To conclude, our findings provide a clear example of the audio-visual nature of speech processing, and they emphasize the perceptual and meta-cognitive limitations that result from occluding the face of our conversational partner. From the methodological point of view, our study represents a successful attempt to investigate audio-visual communication using an on-line task and simulating an ordinary listening context, such as the video call with a limited number of talkers. Clearly, when conducting hearing research online, a number of criteria need to be relaxed. It would be important to replicate and extend these observations running similar experimental protocols in a more controlled laboratory context in which individual hearing thresholds are also measured (unlike here). Moreover, it would also be important to increase the number of trials per participant (that said, our linear mixed-effect model approach to the analysis implies that we worked on a dataset of 1728 measures overall). Future experiments should also consider using audio tracks recorded both with and without masks, in order to objectively estimate the actual transmission loss produced by the masks and directly compare the effects of those distortions on speech comprehension.

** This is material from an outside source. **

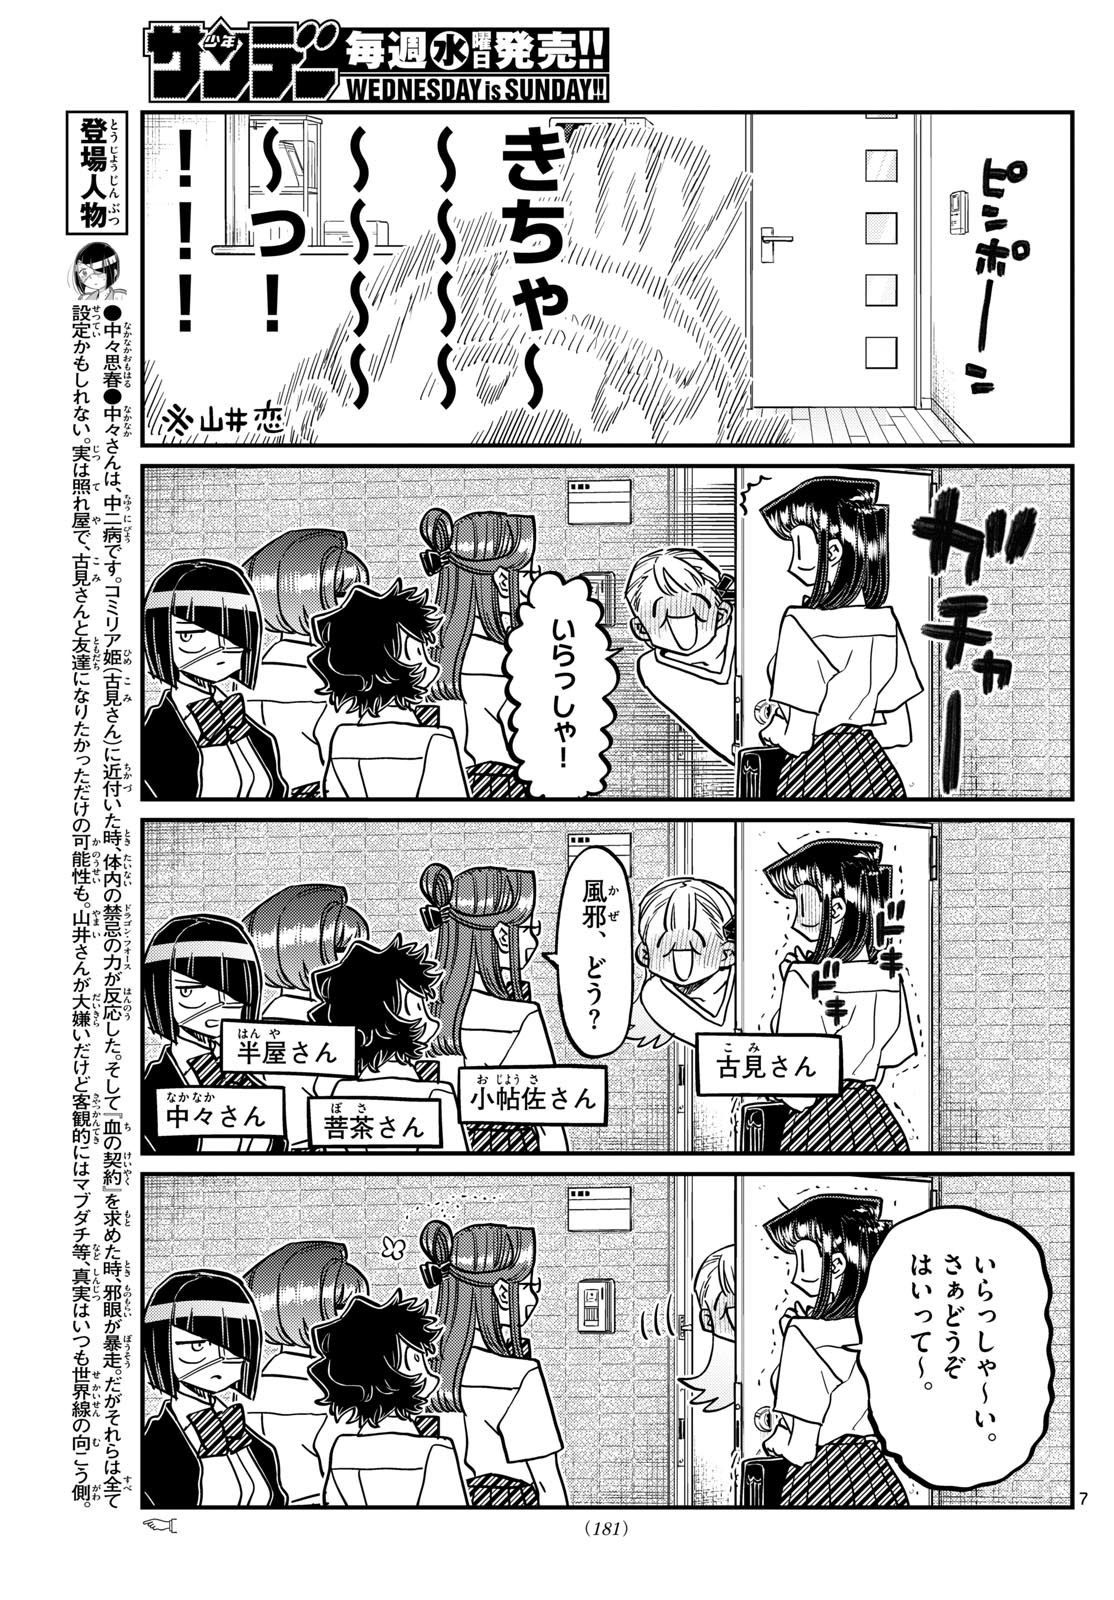 Komi-san wa, Comyushou desu. Capítulo 419 - Manga Online
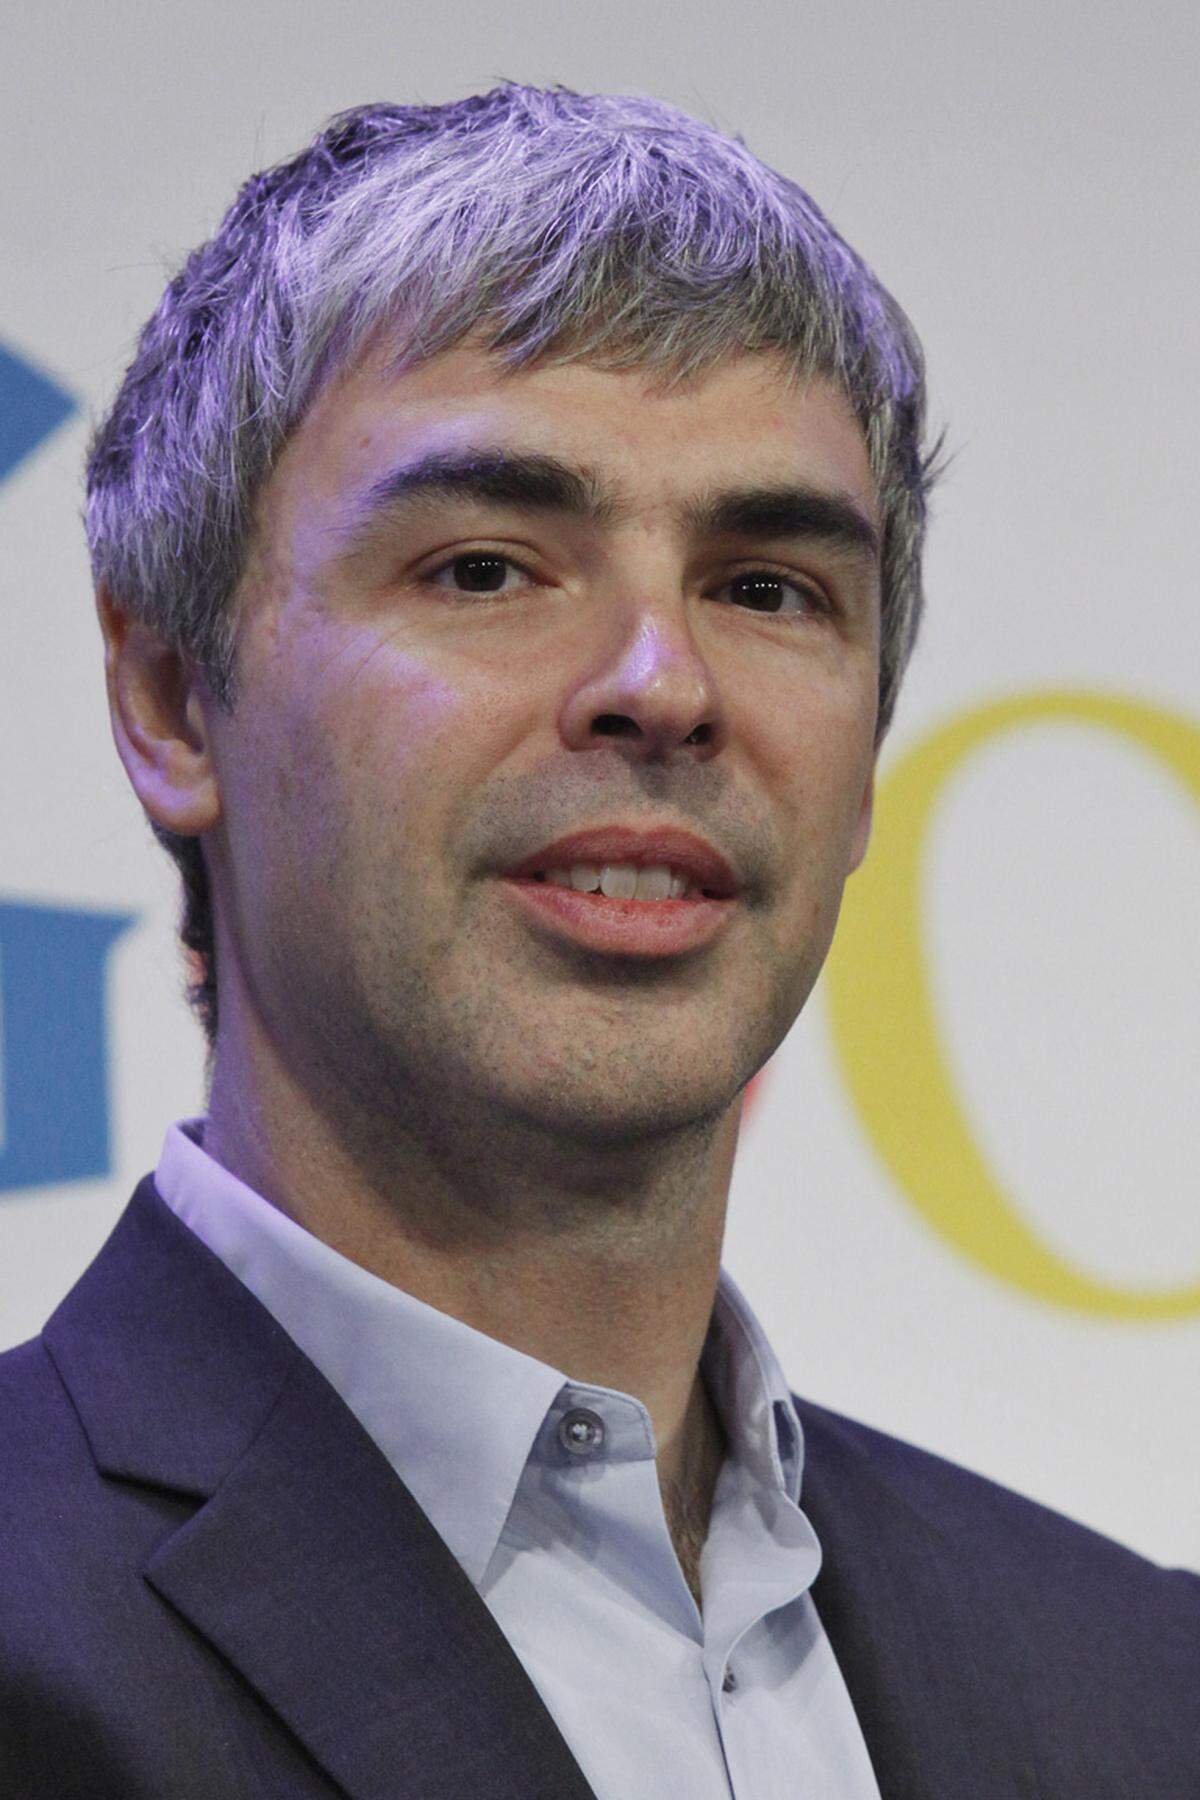 Der zweite Google-Gründer Larry Page schafft es mit 32,3 Milliarden Dollar auf Platz 3 im Forbes-Ranking.

It is clear that such a comparison should necessarily exploit professional audio tools and accurate measures, only obtainable in a laboratory context. Nonetheless, our results agree with a vast literature on the multisensory contributions to speech perception and already provide support to recent petitions that pressured the main video conferencing platforms to offer real-time speech-to-text captioning (Chodosh et al., 2020). Most importantly, our findings indicate that audio-visual communication should be pursued even in the case of the health constraints imposed by a world pandemic. This is necessary for everyone, but especially for those individuals for whom face masks could become a severe obstacle to social inclusion.